## Data section

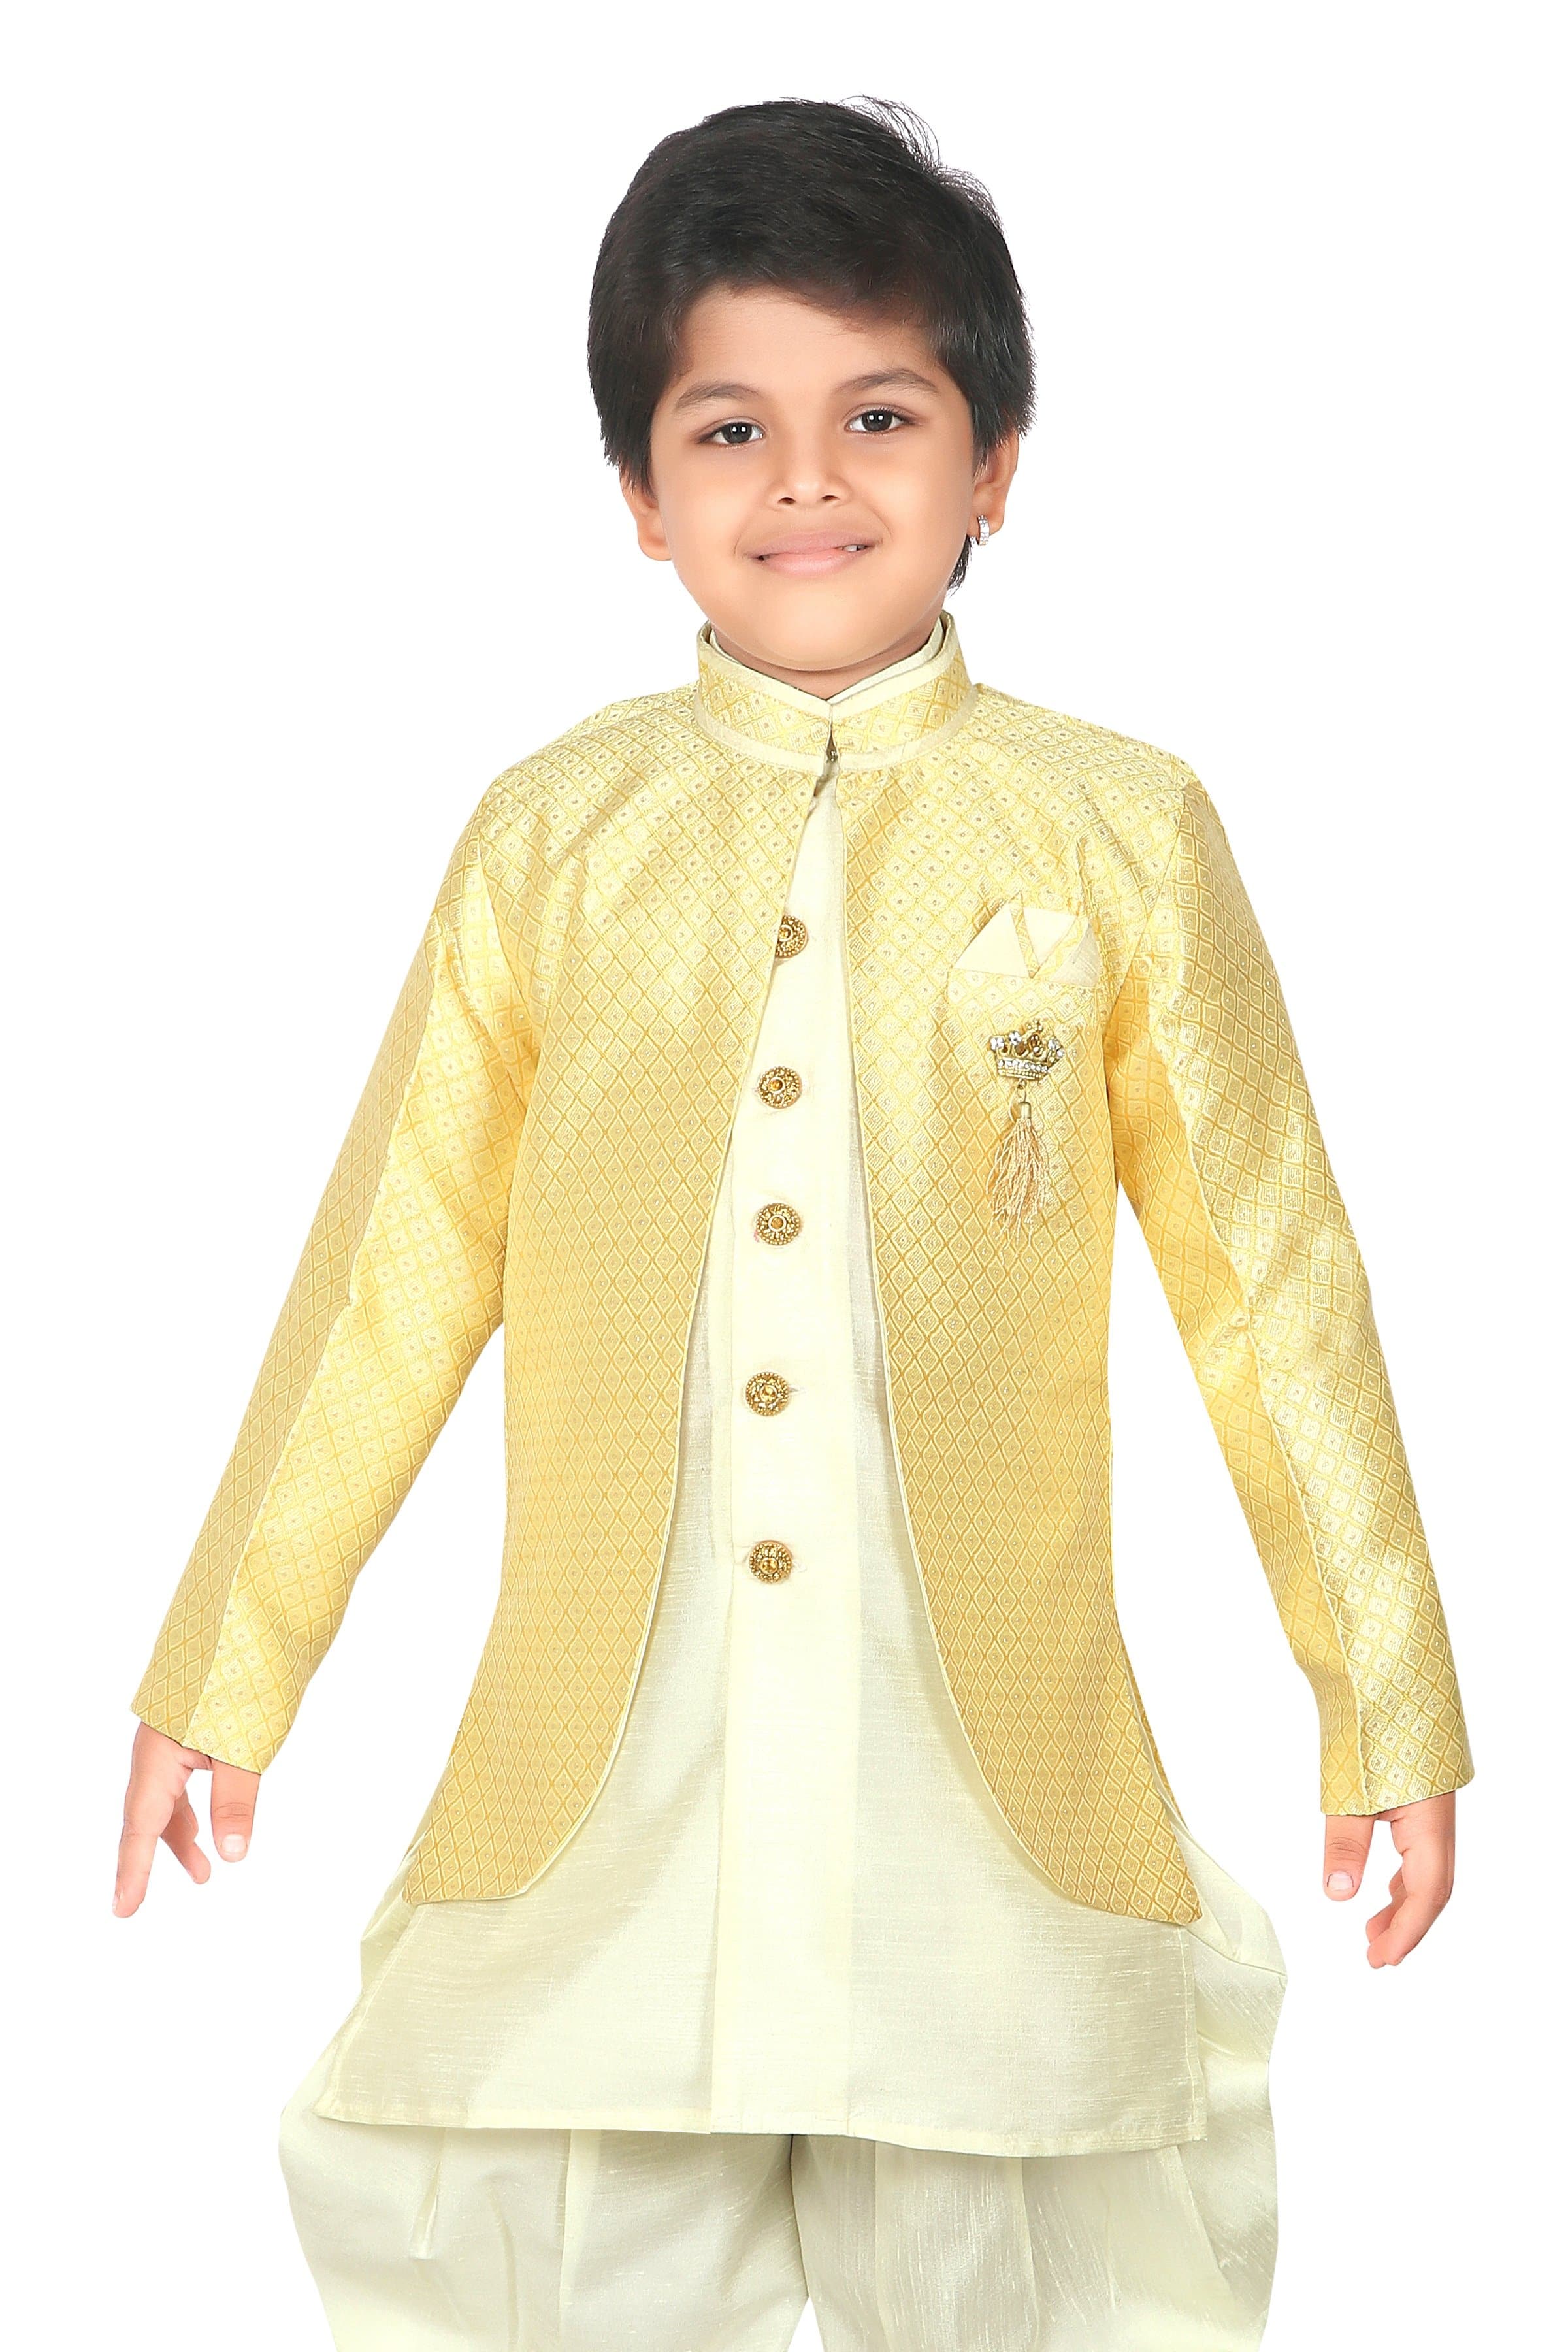 Buy Jeetethnics Boys Yellow Kurta Set with Dhoti Pants (3066) at Amazon.in
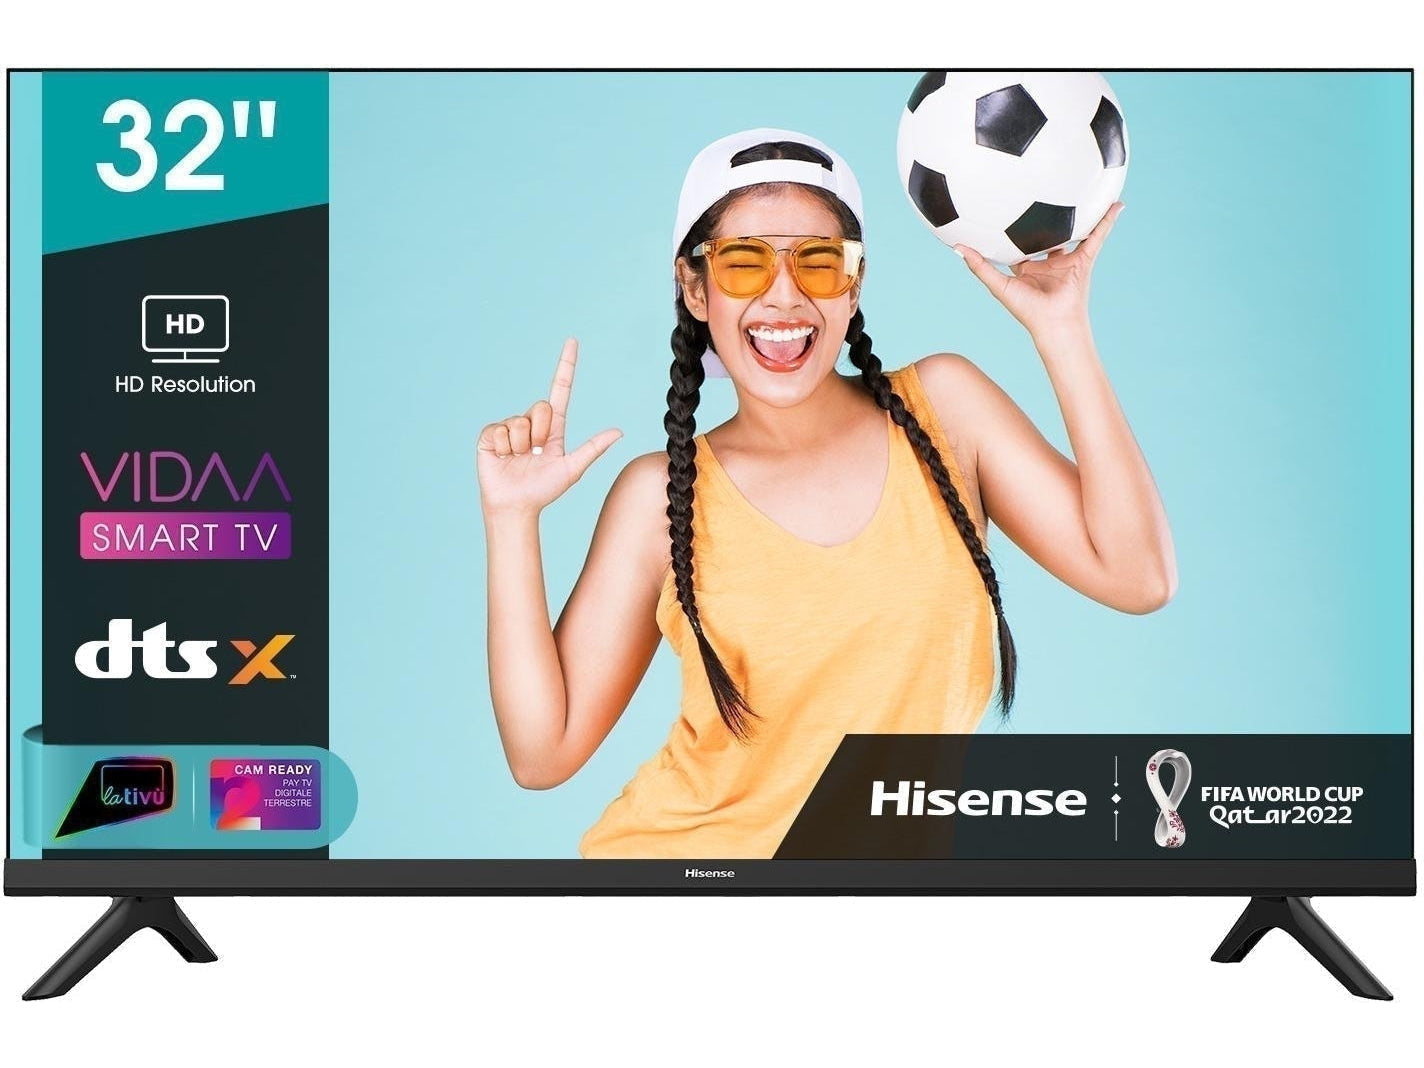 HISENSE SMART TV 32" mod.32A4DG
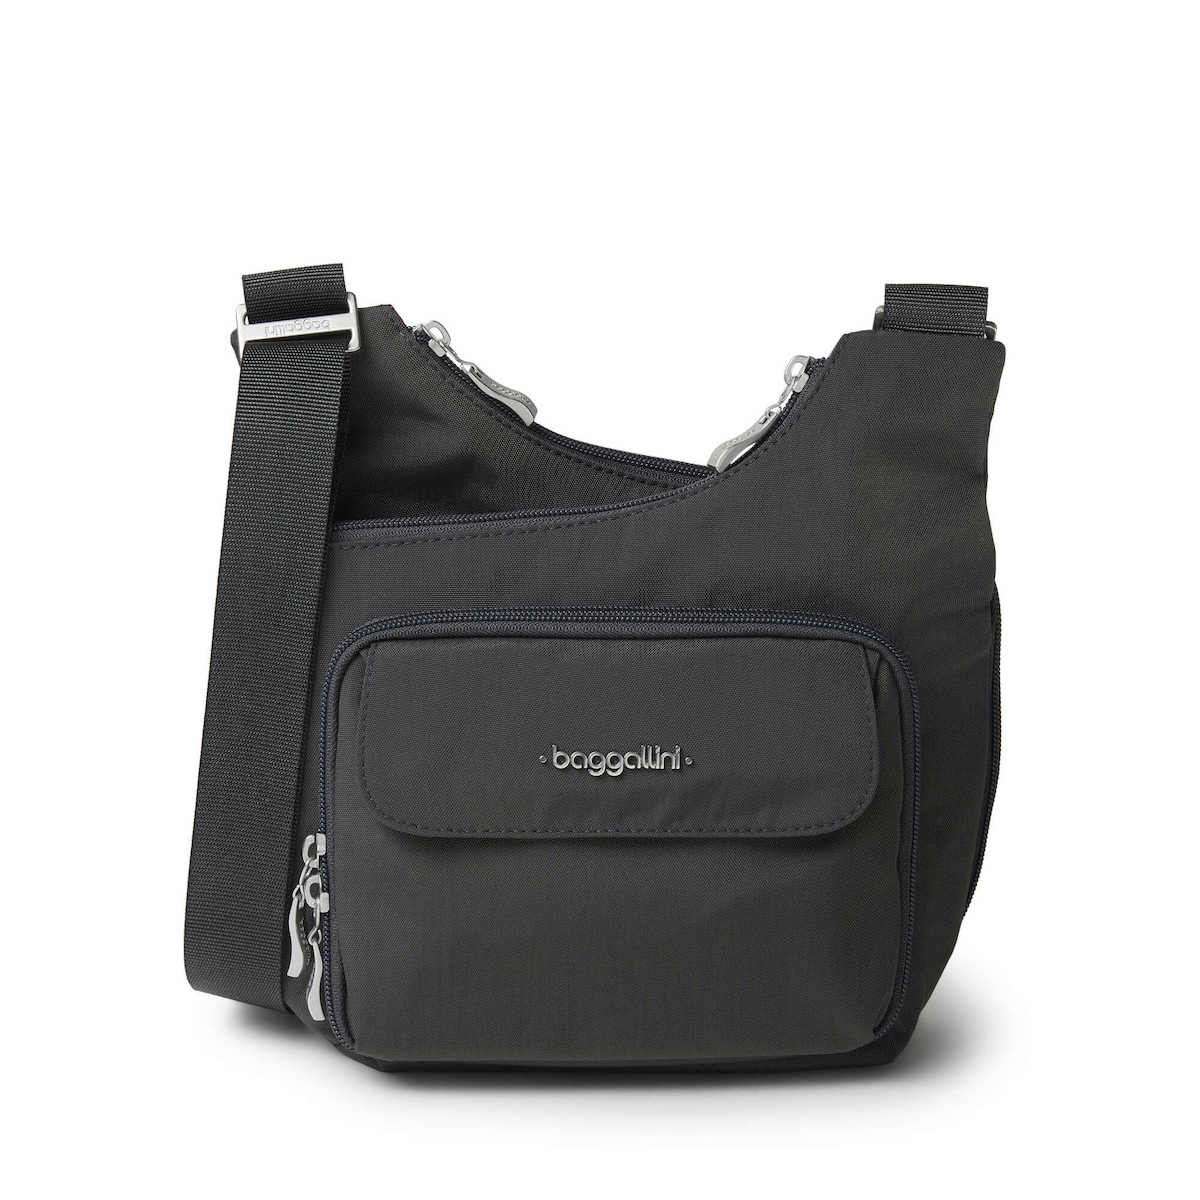 Baggallini Everyplace Crossbody Black Nylon Travel Purse Shoulder Bag Gray  Line | eBay

## Assignment
An exact reproduction of the data is needed, with no pictures included.

## Solution to this exercise
 Buy Jeetethnics Boys Yellow Kurta Set with Dhoti Pants (3066) at Amazon.in
 HISENSE SMART TV 32" mod.32A4DG
 Baggallini Everyplace Crossbody Black Nylon Travel Purse Shoulder Bag Gray  Line | eBay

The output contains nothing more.